Kadets-Pelczynki criterion to prove Eberlein Smulian Theorem. I am studying the proof of the Eberlein-Smulian Theorem via basic sequences in the book "Topics in Banach Space Theory" from F.Albiac and N. Kalton.

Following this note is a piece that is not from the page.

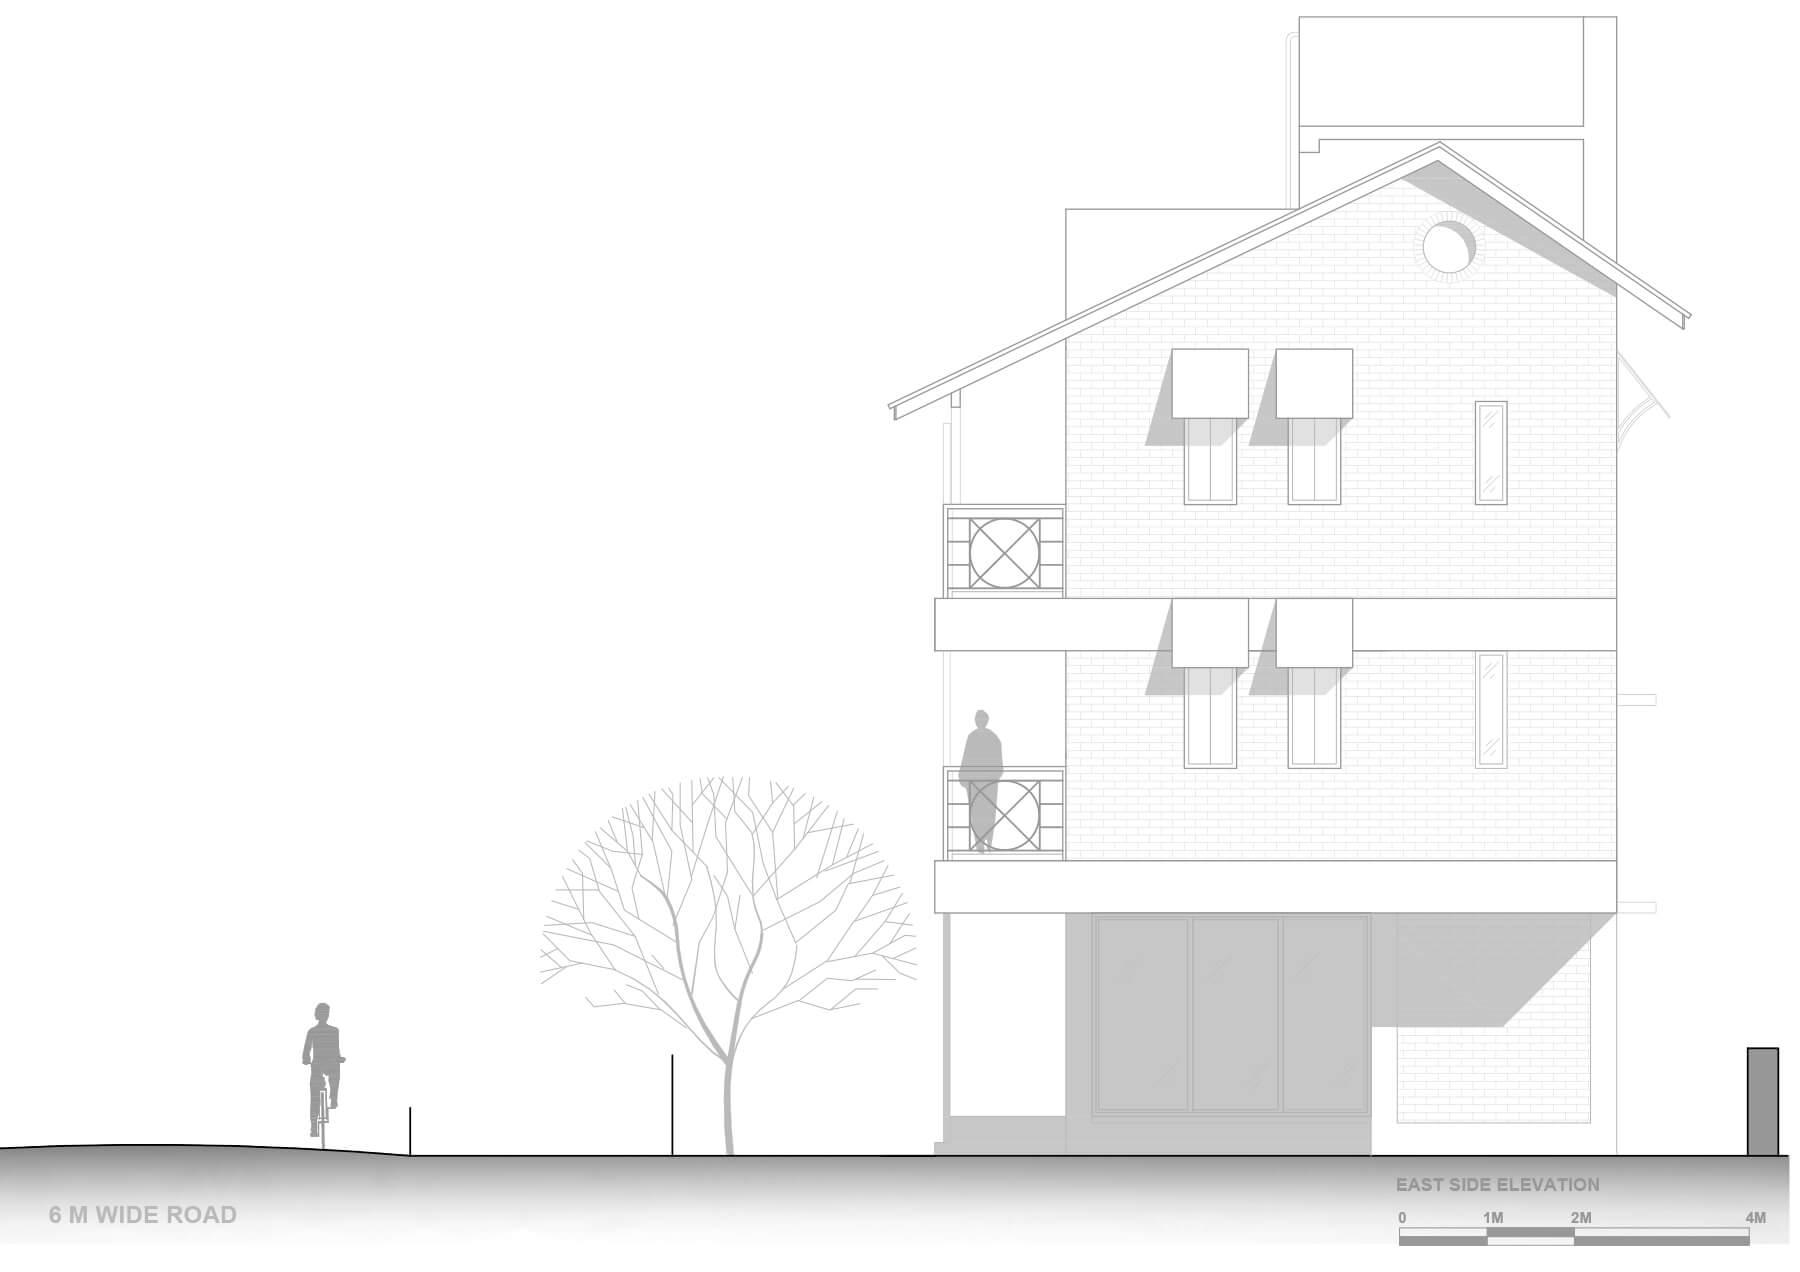 5- East side elevation

Although, I found myself stuck in the following criterion (Theorem 1.5.6 from the book)

Let $S$ be a bounded subset of a Banach space $X$ such that
  $0\notin\overline{S}^{\Vert \cdot\Vert}$. Then the following are
  equivalent:
  
  
*
  
*$S$ fails to contain a basic sequence;
  
*$\overline{S}^{weak}$ is weakly compact and fails to contain $0$.
  

$(2)\implies (1)$ is done
$(1) \implies (2)$: I've already proved that $0\notin \overline{S}^{weak}$. To show that $\overline{S}^{weak}$ is weakly compact, we need to show that any  weak* cluster point of $i(S)\subset X^{**}$ is already in $i(X)$ where $i:X\longrightarrow X^{**}$ is the canonical embedding.
Once we prove it, we will have that $\overline{S}^{weak}=i^{-1}(\overline{i(S)}^{weak^*})$ is the pre-image of a w*-compact.
Suppose $x^{**}$ is a weak* cluster point of $i(S)$ and $x^{**} \in X^{**}\setminus i(X)$. Using the theorem 1.5.2, the set $i(S) - x^{**} = \{i(s)-x^{**}: s\in S \}$ there is a sequence $(x_n)\subset S$ such that $(i(x_n) - x^{**})$ is basic.
I couldn't prove that: $x^{**}\notin \overline{[i(x_n) - x^{**}: n>N]}^{\Vert\cdot\Vert}$ for some choice of $N \in \mathbb{N}$
I tried to write $x^{**}=\sum\limits_{n=m}^\infty \lambda_n [i(x_n) - x^{**}]$ to get a contradiction with the fact that $0\in \overline{i(S) - x^{**}}^{weak*}\setminus\overline{i(S) - x^{**}}^{\Vert\cdot\Vert}$ but I couldn't conclude anything from it.
 A: Find $N\in\mathbb{N}$ so that $x_n\neq 0$ for $n\geq N$, and assume towards a contradiction that $x^{**}\in[x_n-x^{**}]_{n=N}^\infty$. Write
\begin{equation}x^{**}=\sum_{n=N}^\infty\lambda_n(x_n-x^{**}).\end{equation}
Set $a_k:=1+\sum_{n=N}^k\lambda_n$, and find a subsequence $(a_{k_j})$ s.t. for all $j$, $|\frac{a_{k_j}}{|a_{k_j}|}-\alpha|<\frac{\epsilon}{\|x^{**}\|}$ for some nonzero $\alpha\in\mathbb{C}$, and either $|a_{k_j}|\geq 1$ or else $0<\frac{1}{|a_{k_j}|}<\frac{2}{\beta}$ for some $\beta\in(0,1]$. Note that $\forall\epsilon>0\exists M\geq N$ s.t. if $j\geq M$, \begin{equation}\|a_{k_j}x^{**}-\sum_{n=N}^{k_j}\lambda_nx_n\|=\|x^{**}-\sum_{n=N}^{k_j}\lambda_n(x_n-x^{**})\|<\epsilon.\end{equation}
Then
\begin{equation}\|\alpha x^{**}-\frac{1}{|a_{k_j}|}\sum_{n=N}^{k_j}\lambda_nx_n\|\leq\frac{a_{k_j}}{|a_{k_j}|}x^{**}-\frac{1}{|a_{k_j}|}\sum_{n=N}^{k_j}\lambda_nx_n\|+\|\alpha x^{**}-\frac{a_{k_j}}{|a_{k_j}|}x^{**}\|\end{equation}
\begin{equation}<\frac{\epsilon}{|a_{k_j}|}+\epsilon<\frac{2\epsilon}{\beta}+\epsilon\to 0\end{equation}
as $\epsilon\to 0$.  It follows that $\alpha x^{**}\in X$ and hence $x^{**}\in X$, which is impossible.